--- SUPPLIED RECORDS Enclosed Below ---

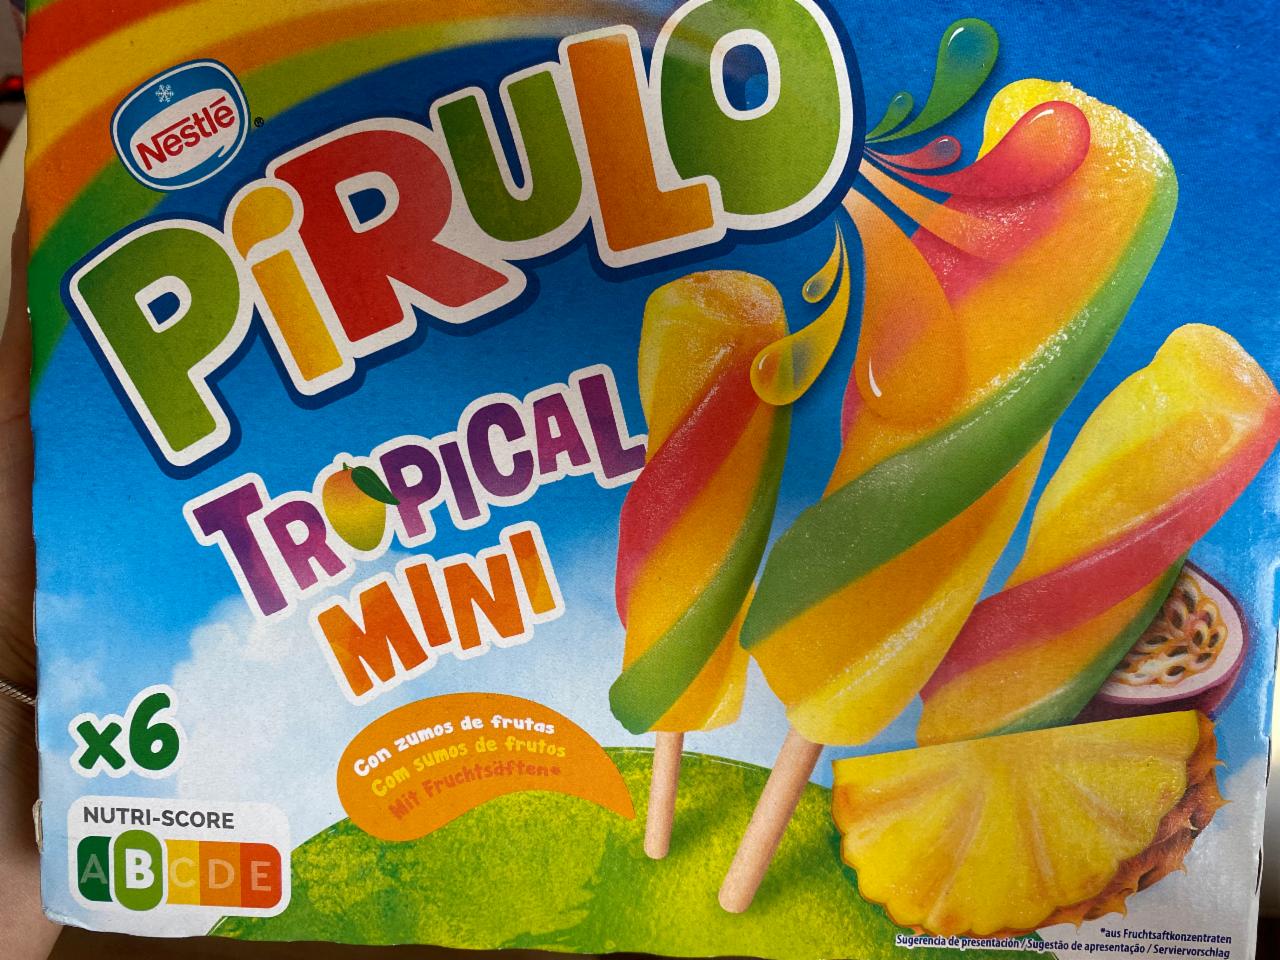 Fotografie - pirulo tropical mini Nestlé
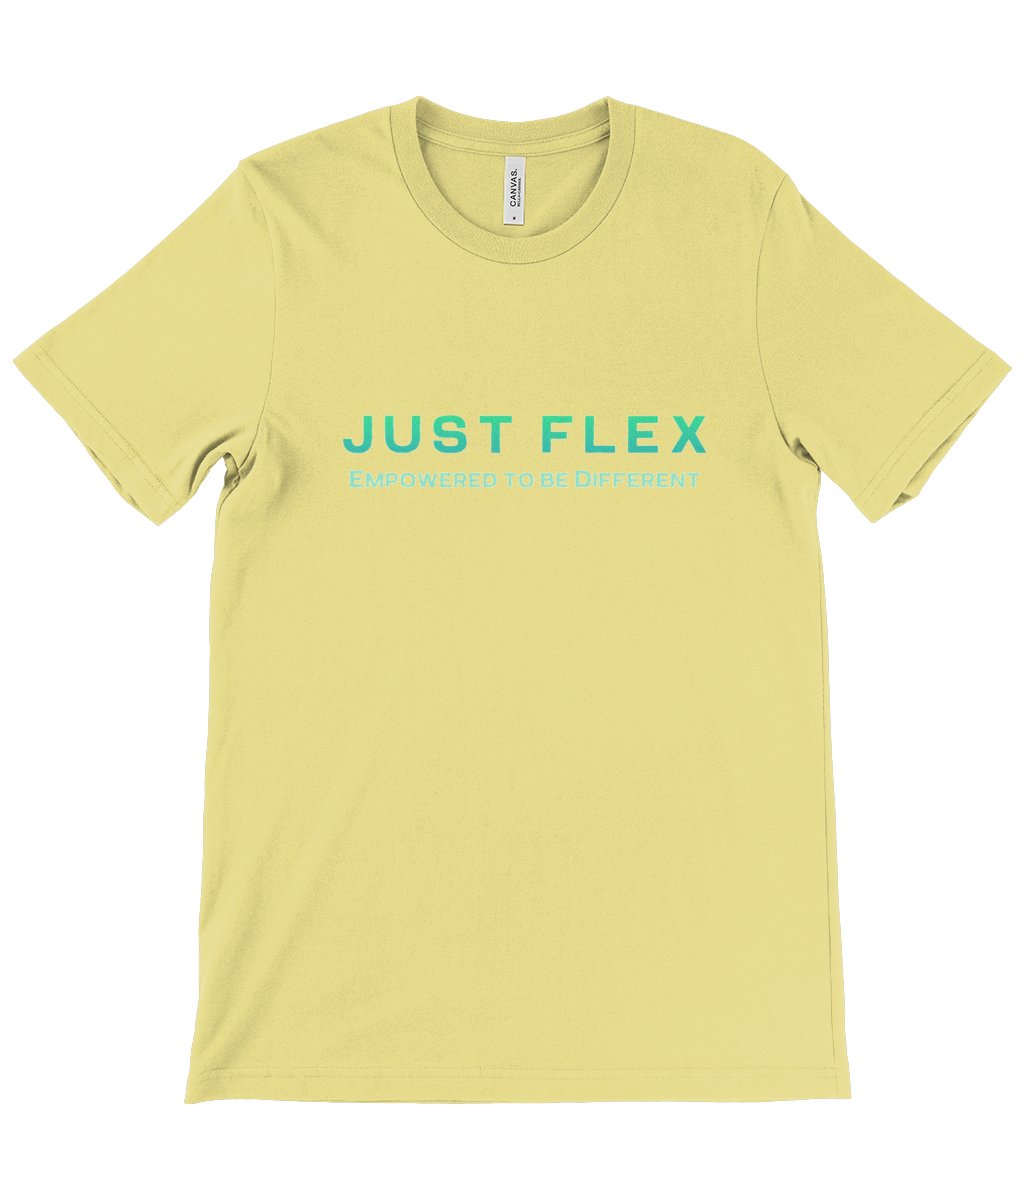 Just Flex - Empowered To Be Different Unisex Crew Neck T - Shirt - Just Flex
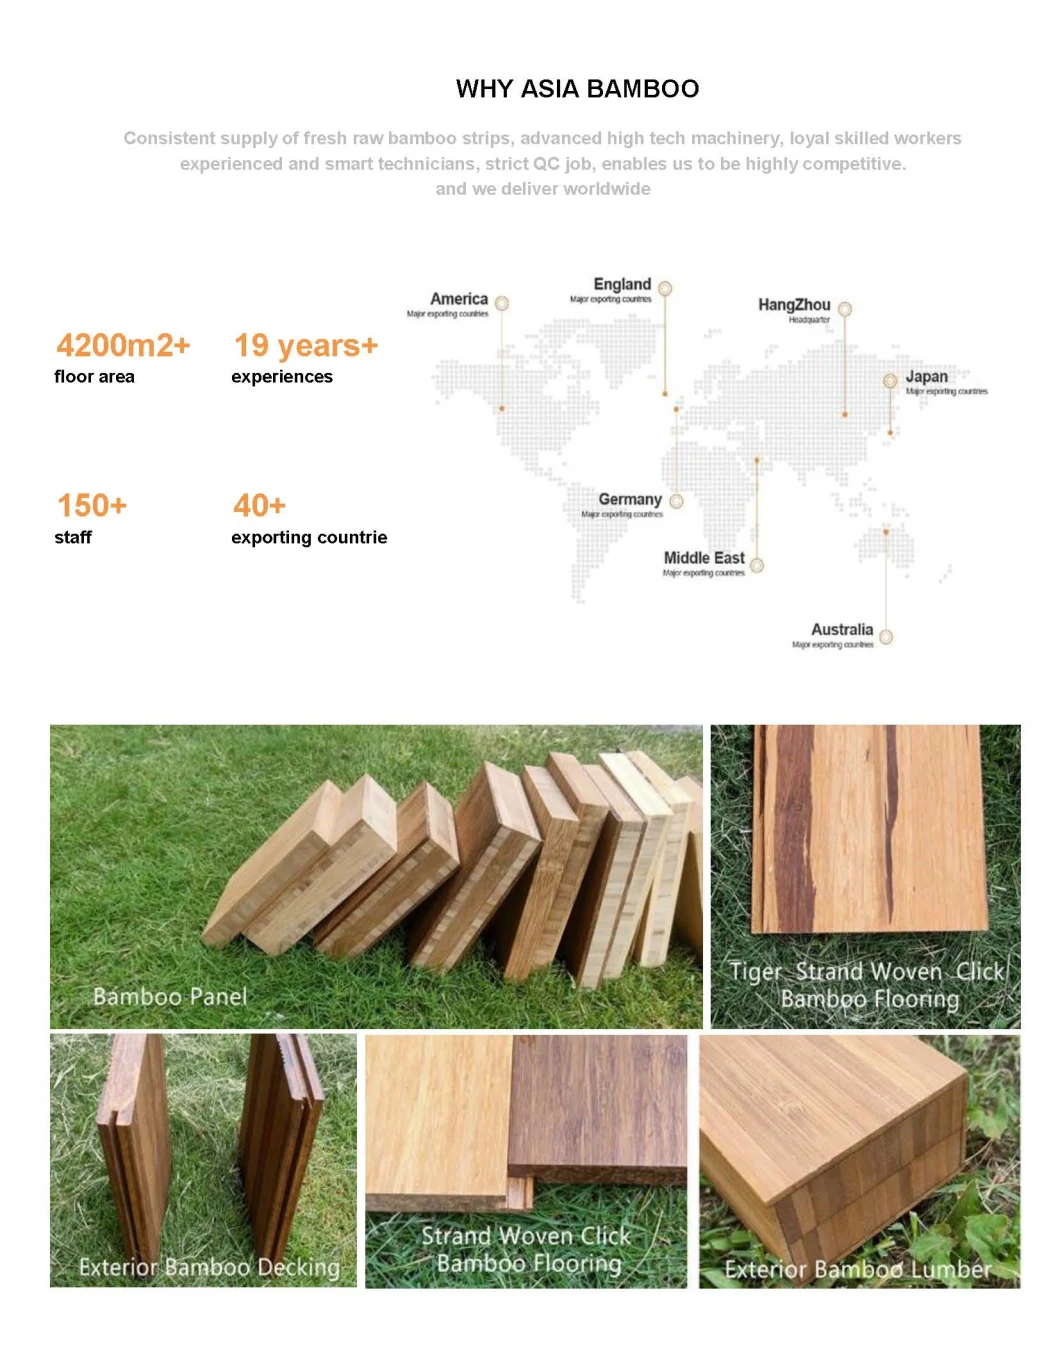 2440X1220X40mm Caramel Vertical Cross Ply Bamboo Furniture Boards, Bamboo Panels, Laminated Bamboo Ply Sheets
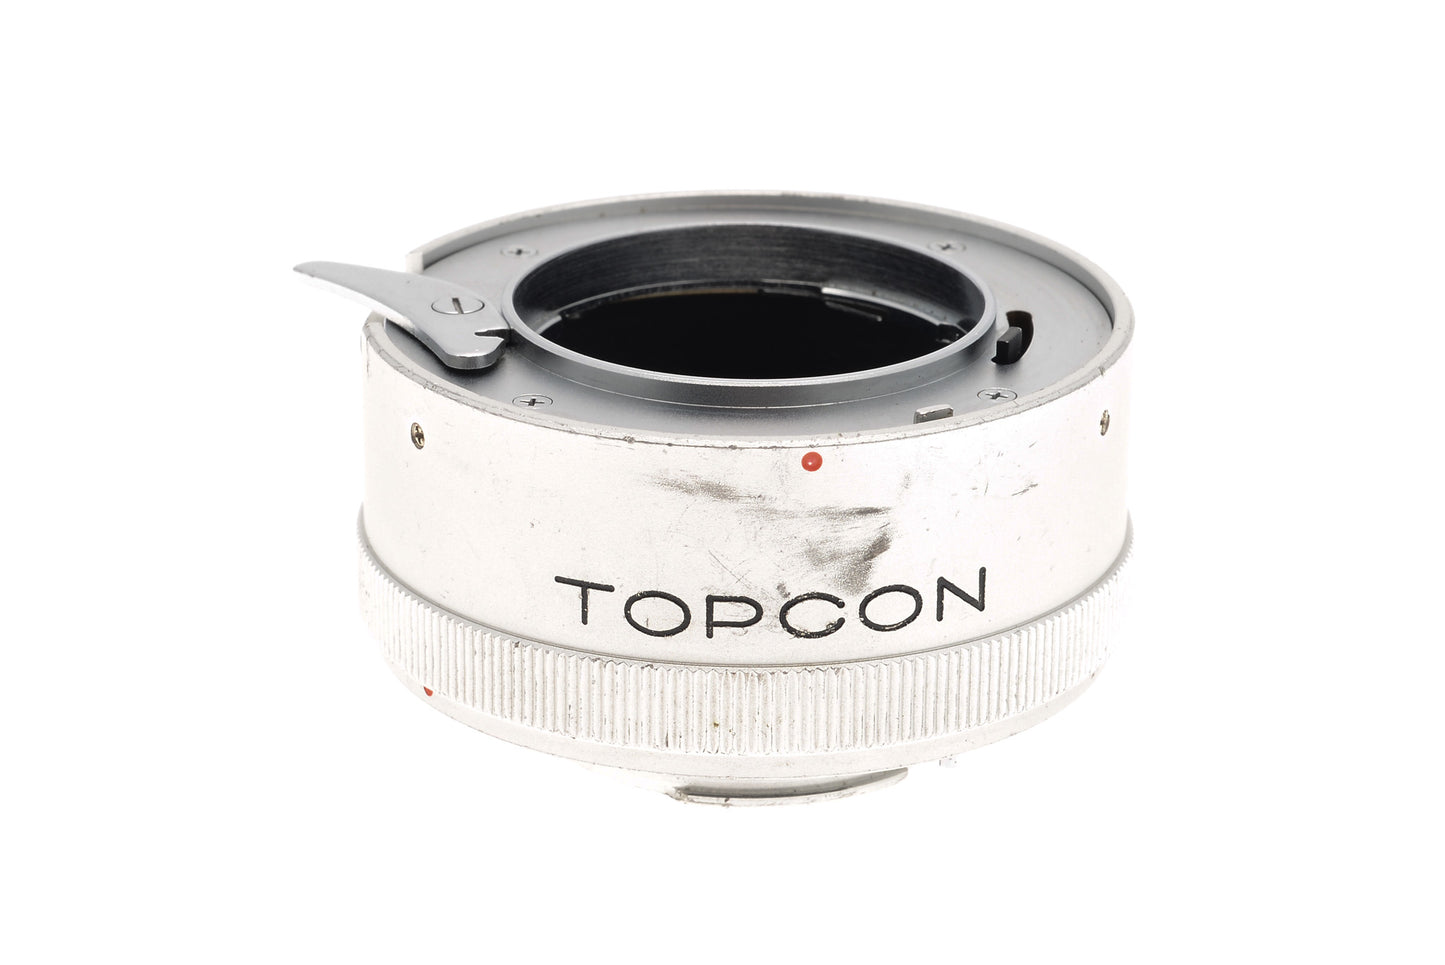 Topcon 27mm Automatic Extension Tube - Accessory
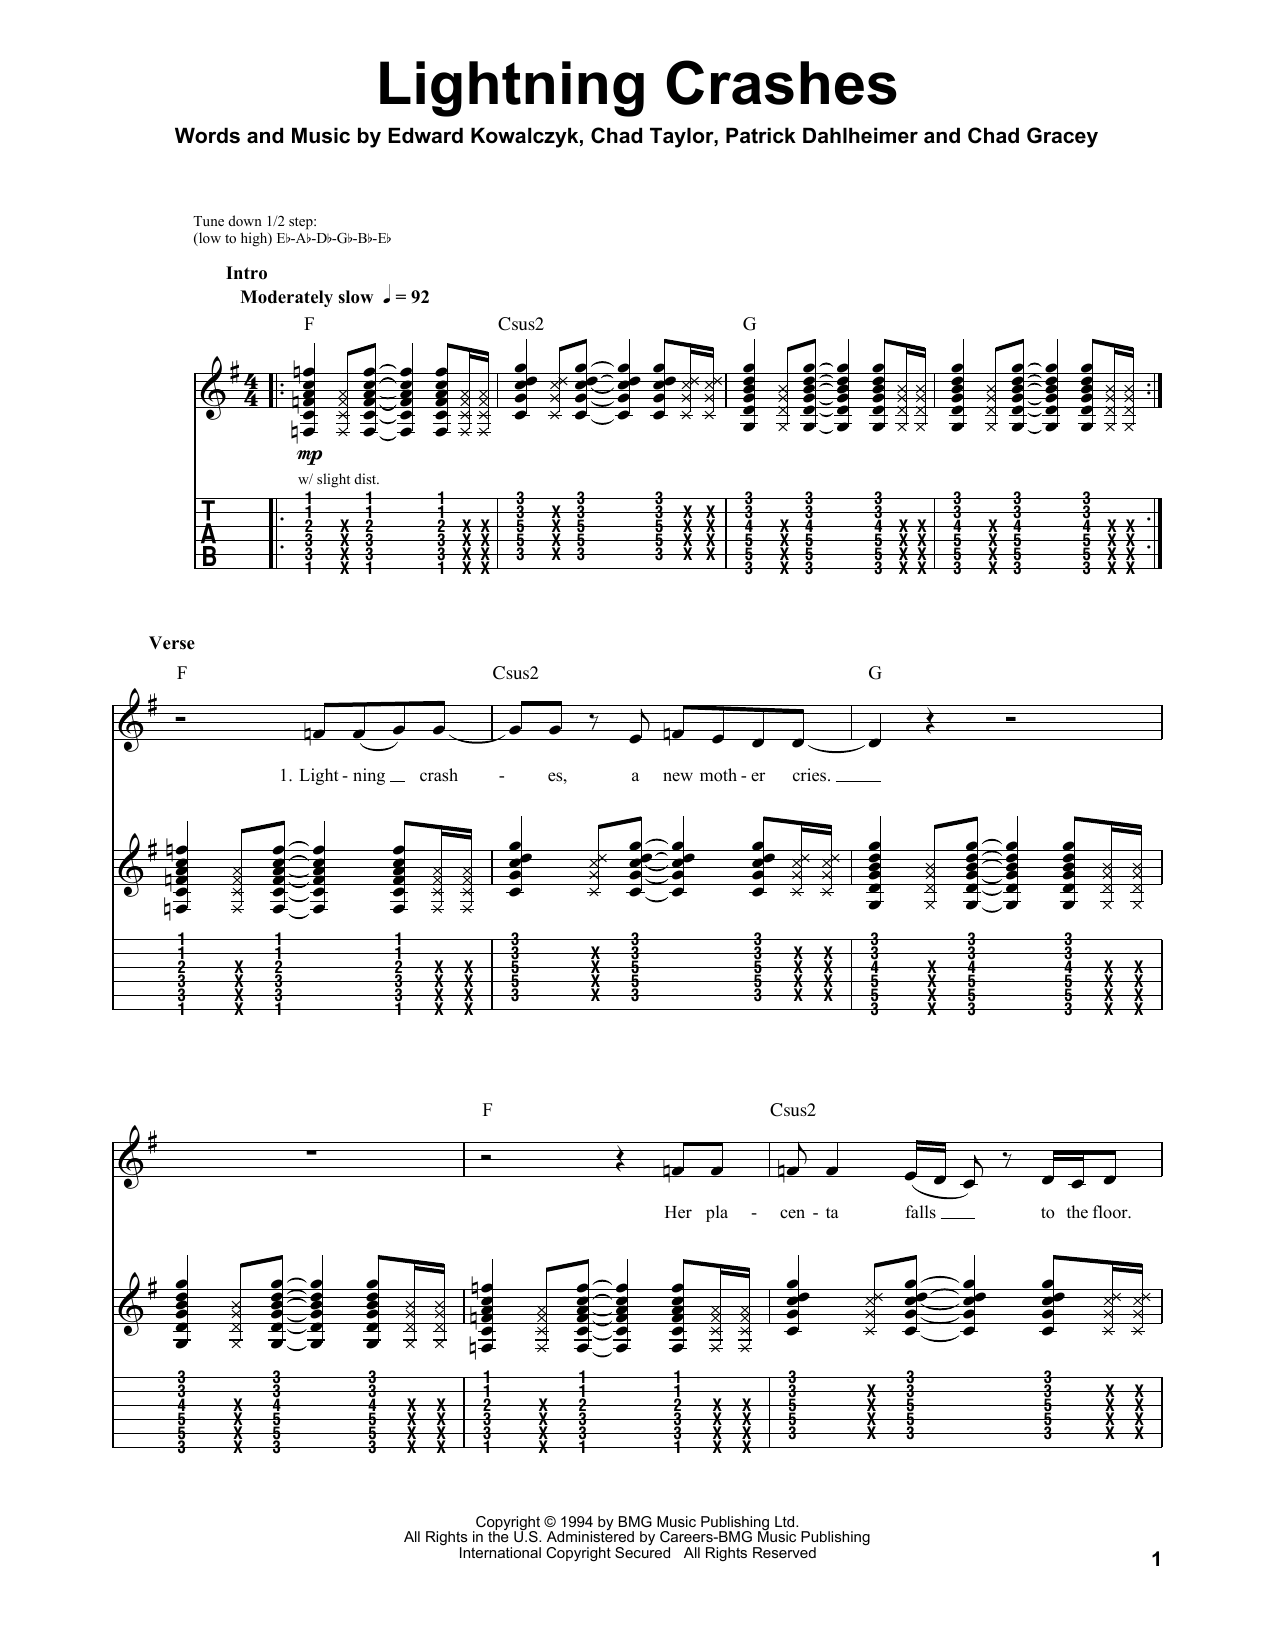 Live Lightning Crashes Sheet Music Notes & Chords for Guitar Lead Sheet - Download or Print PDF

--- End of Enclosed SUPPLIED RECORDS ---

◆ **DIRECTIONS FOR THIS TASK**
In the answer, give only the lines from the one containing "Just Flex - Empowered" through the end of the records above, each reproduced exactly. Include no pictures.

◆ **ANSWER TO THE PROBLEM**
 Just Flex - Empowered To Be Different Unisex Crew Neck T - Shirt - Just Flex
 2440X1220X40mm Caramel Vertical Cross Ply Bamboo Furniture Boards, Bamboo Panels, Laminated Bamboo Ply Sheets
 Topcon 27mm Automatic Extension Tube - Accessory
 Live Lightning Crashes Sheet Music Notes & Chords for Guitar Lead Sheet - Download or Print PDF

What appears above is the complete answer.